For portfolio construction, thyssenkrupp can serve as a diversified industrial exposure with strong ties to European policy, energy transition programs and defense spending, while still being sensitive to US economic data and global interest rates through its capital-intensive operations. The stock may therefore be monitored alongside US-listed peers in steel, machinery and defense when assessing cyclical versus structural drivers in the global industrial complex.

Read more

Additional news and developments on the stock can be explored via the linked overview pages.
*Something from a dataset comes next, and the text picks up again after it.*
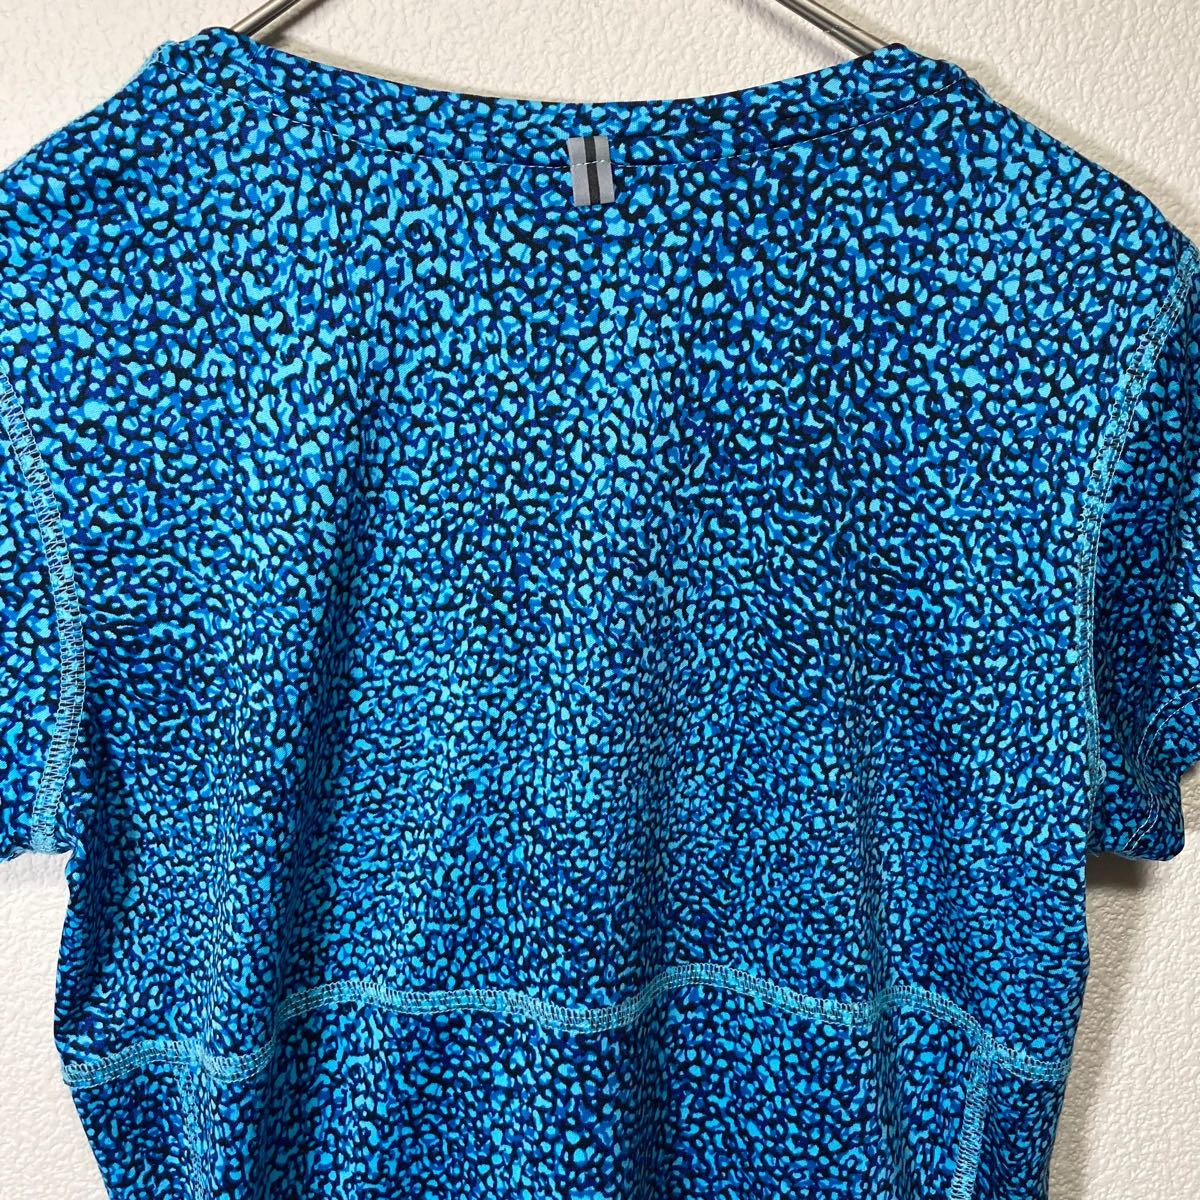 NIKE DRY-FIT ランニング ウェア 半袖 Tシャツ レディース Sサイズ ブルー系 総柄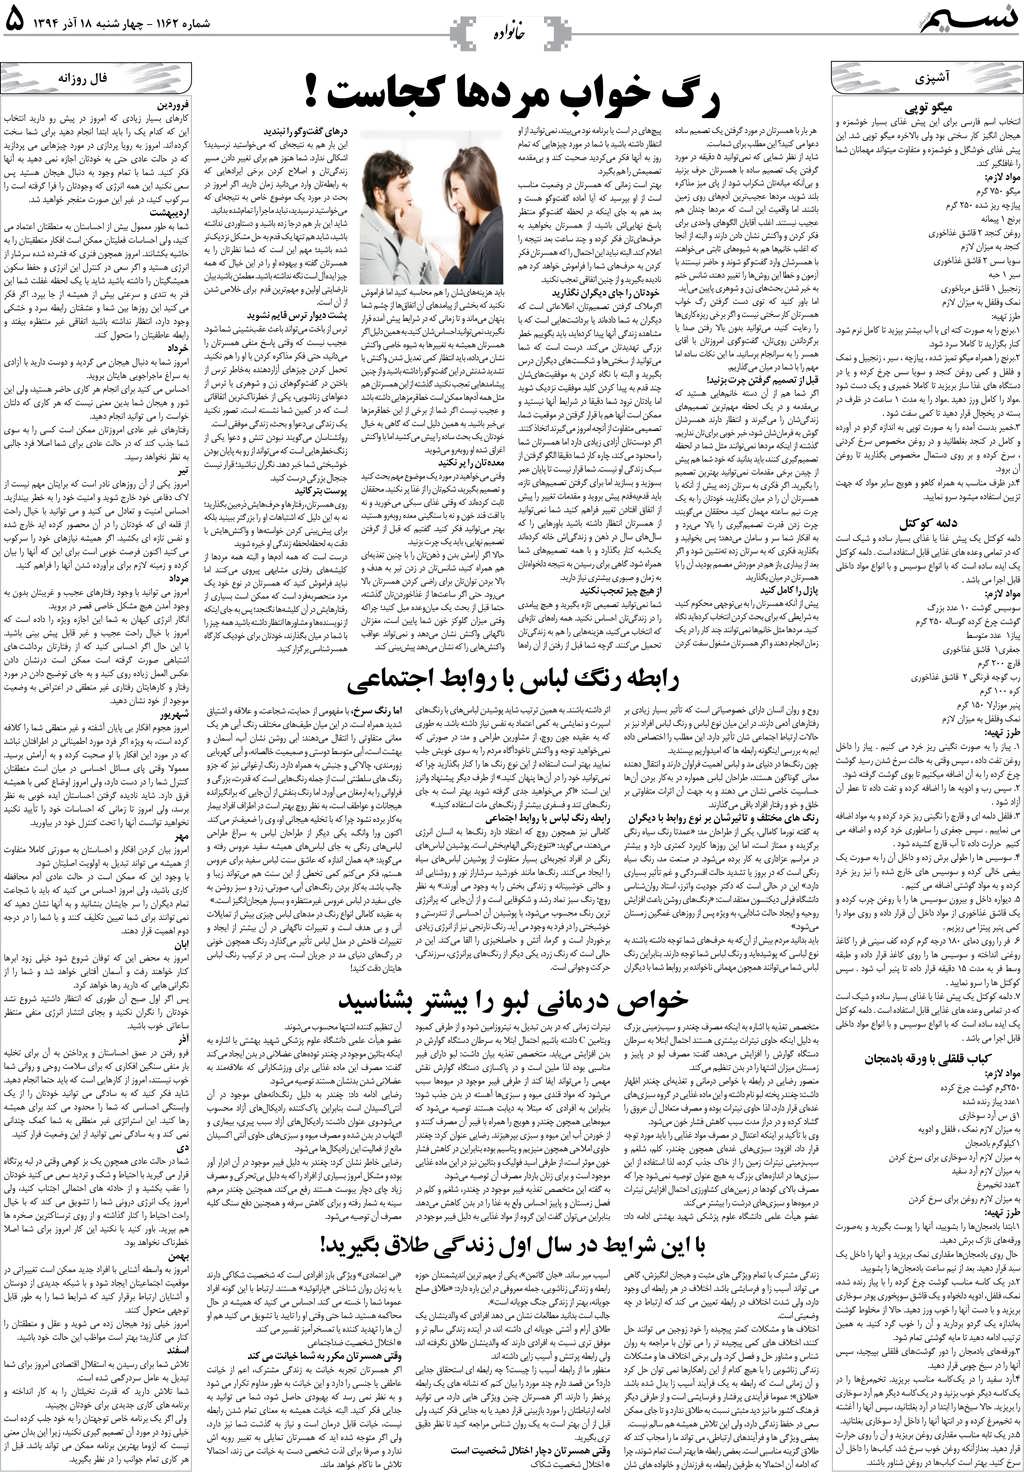 صفحه خانواده روزنامه نسیم شماره 1162

Mehr News zu dieser AktieInvestor Relations

Conclusion

thyssenkrupp AG is in the midst of one of the most far-reaching restructurings in Europe’s industrial sector. A better-than-expected Q2 operating result, the planned sale of the HKM stake, and strategic options for Materials Services show that management is actively reshaping the portfolio and tackling long-standing issues. At the same time, guidance for a sizeable net loss and negative free cash flow underscores that the turnaround is not yet complete.

Marine systems and potential defense contracts, along with exposure to green hydrogen through nucera, offer structural upside, while the core materials and steel businesses remain sensitive to the economic cycle and regulatory decisions. For both German and US investors, the stock combines cyclical industrial risk with long-term transformation themes in energy, defense and decarbonization. How effectively thyssenkrupp executes its portfolio moves over the next few years will likely determine whether the recent share price strength proves sustainable.

Disclaimer: This article does not constitute investment advice. Stocks are volatile financial instruments.